* Exercise details *
With the pictures left out, please write out exactly each line from the one containing "Coast To Coast" through the end of the material.

* Data *
——————————

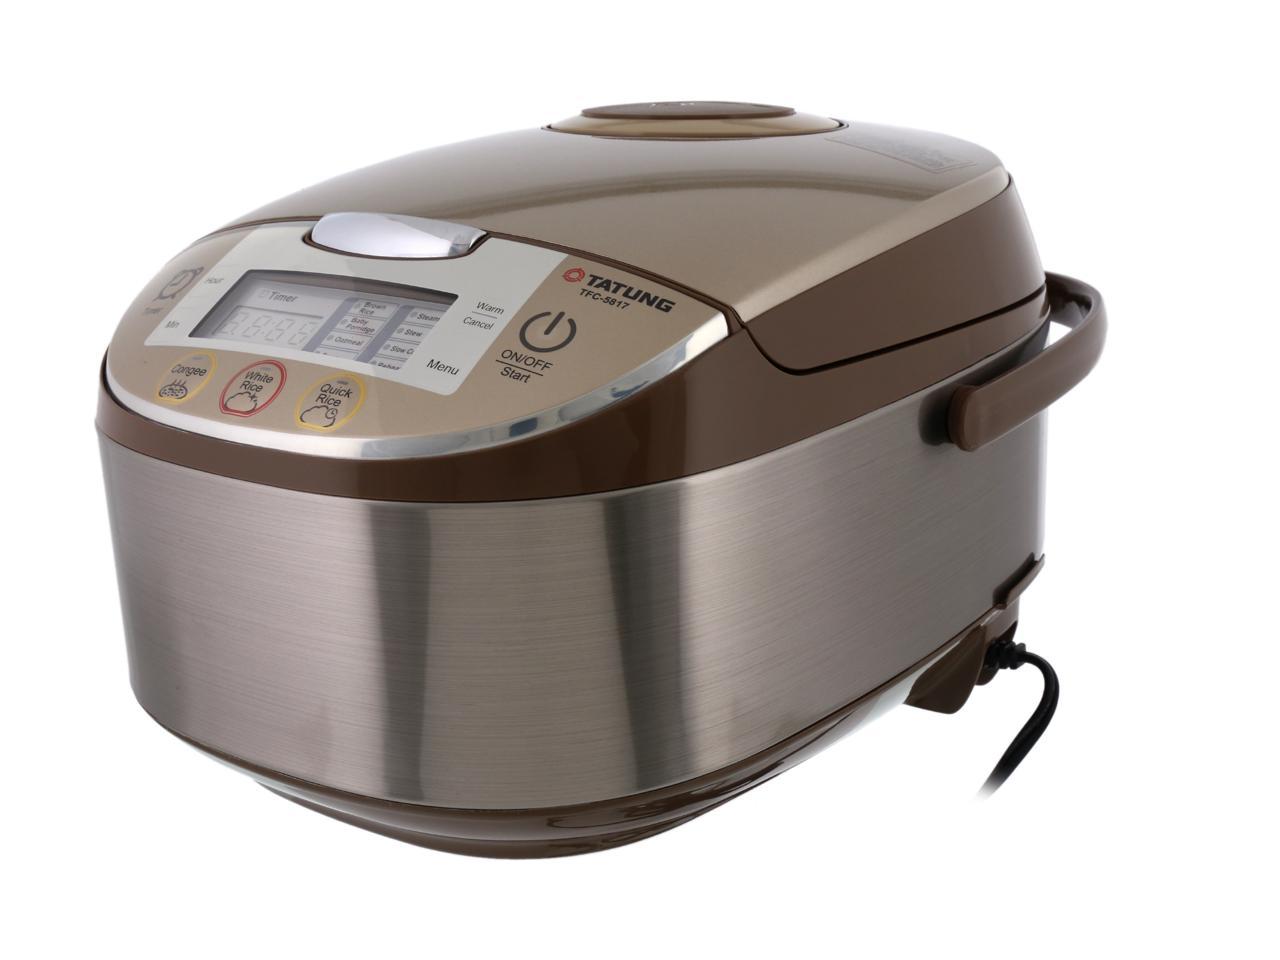 Tatung Micom Fuzzy Logic Multi-Cooker and Rice Cooker, Champagne, 16 ...
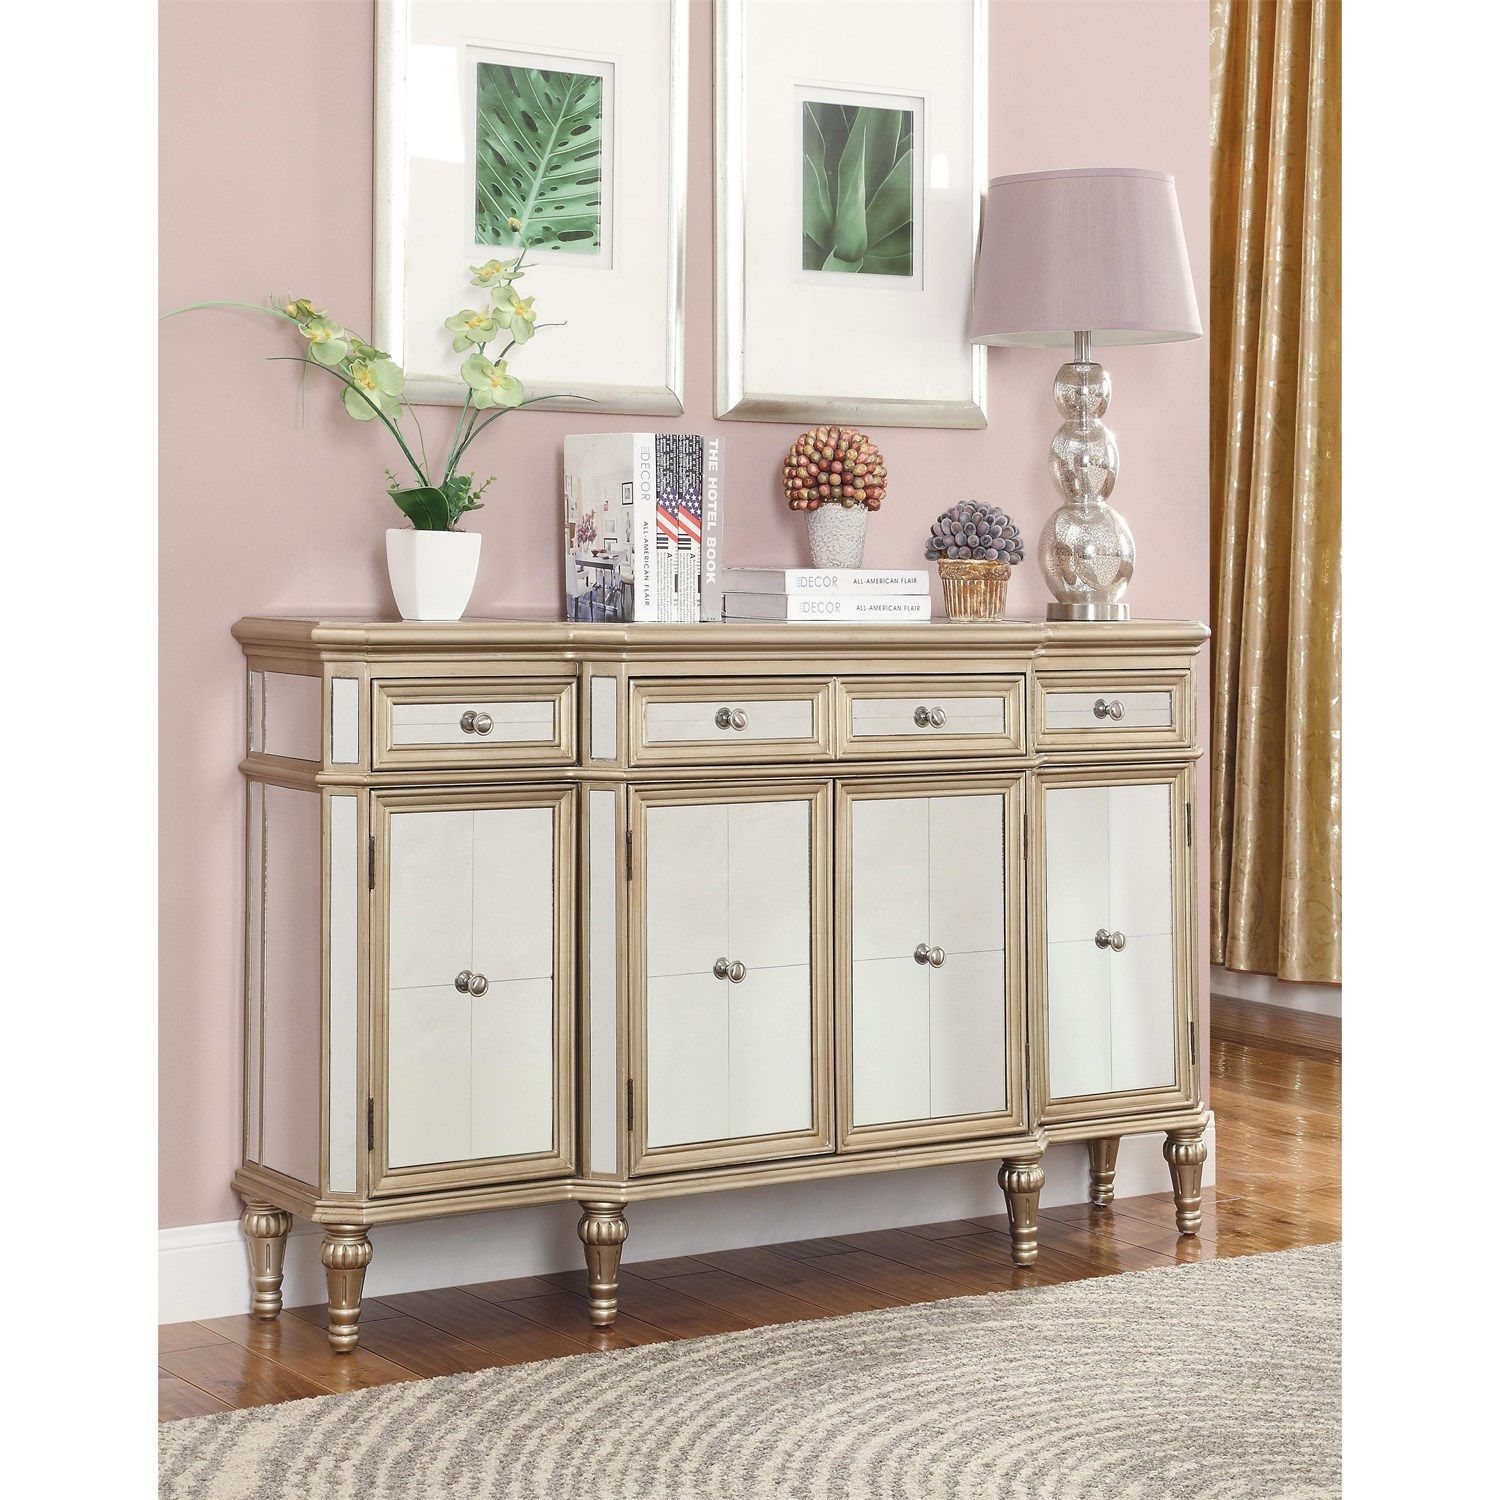 Coast To Coast 56326 60" Door Drawer Credenza In Estaline Intended For 2017 Raquette Sideboards (View 14 of 20)
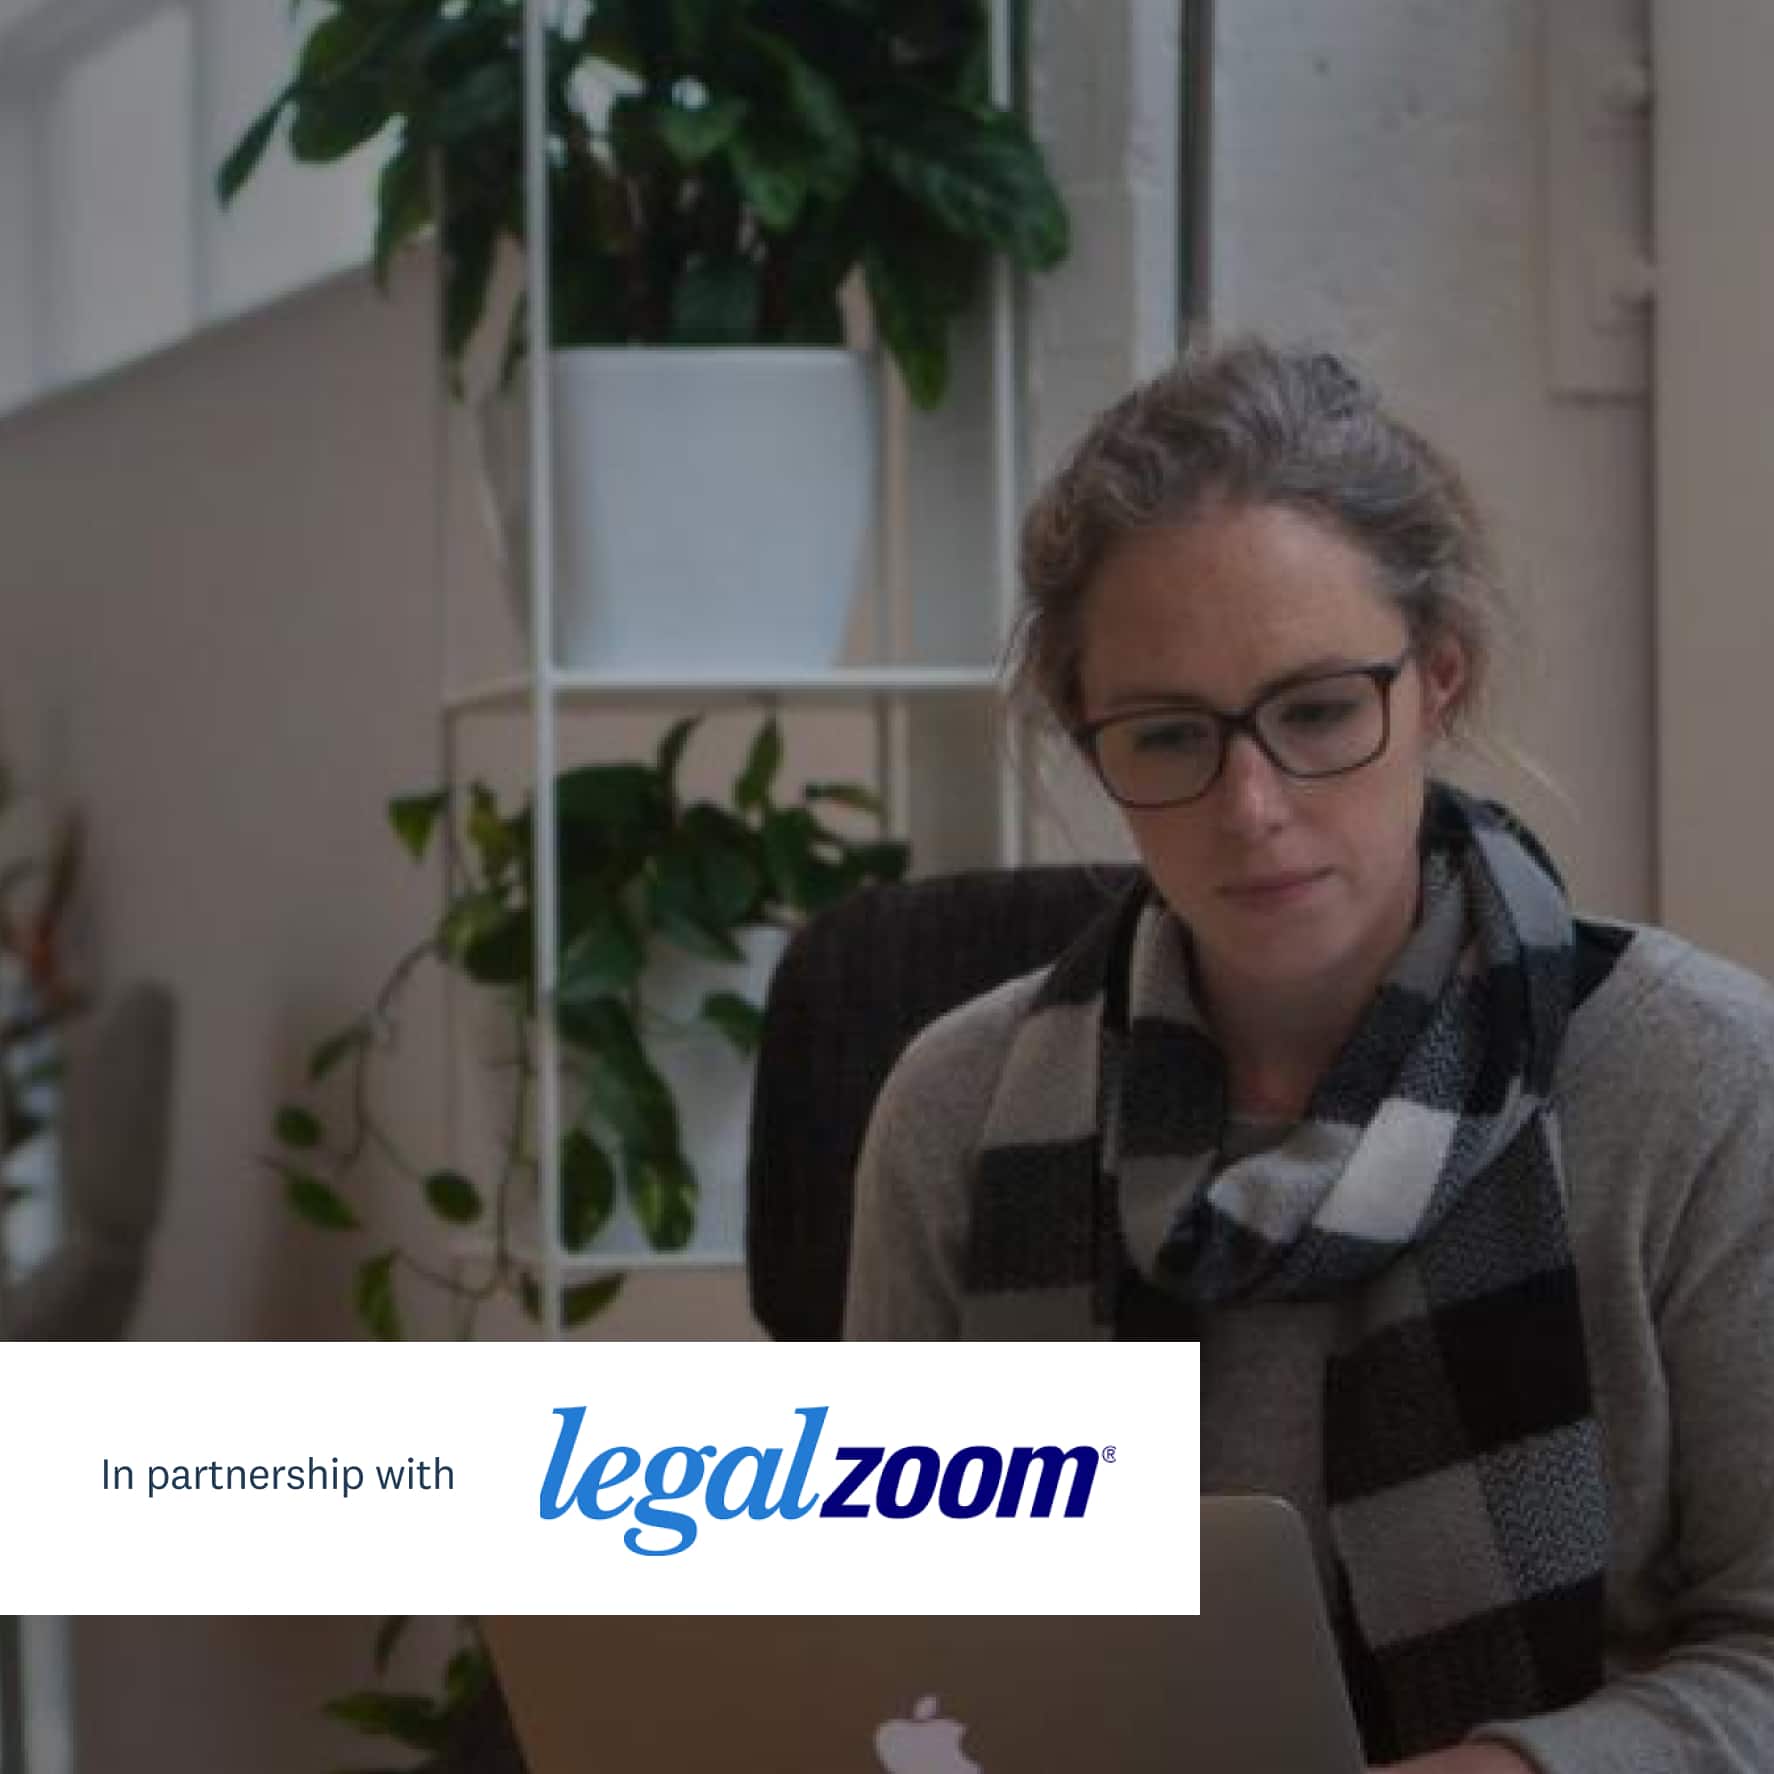 Xero in partnership with legalzoom

——————————

* Answer below *
 Coast To Coast 56326 60" Door Drawer Credenza In Estaline Intended For 2017 Raquette Sideboards (View 14 of 20)
 Xero in partnership with legalzoom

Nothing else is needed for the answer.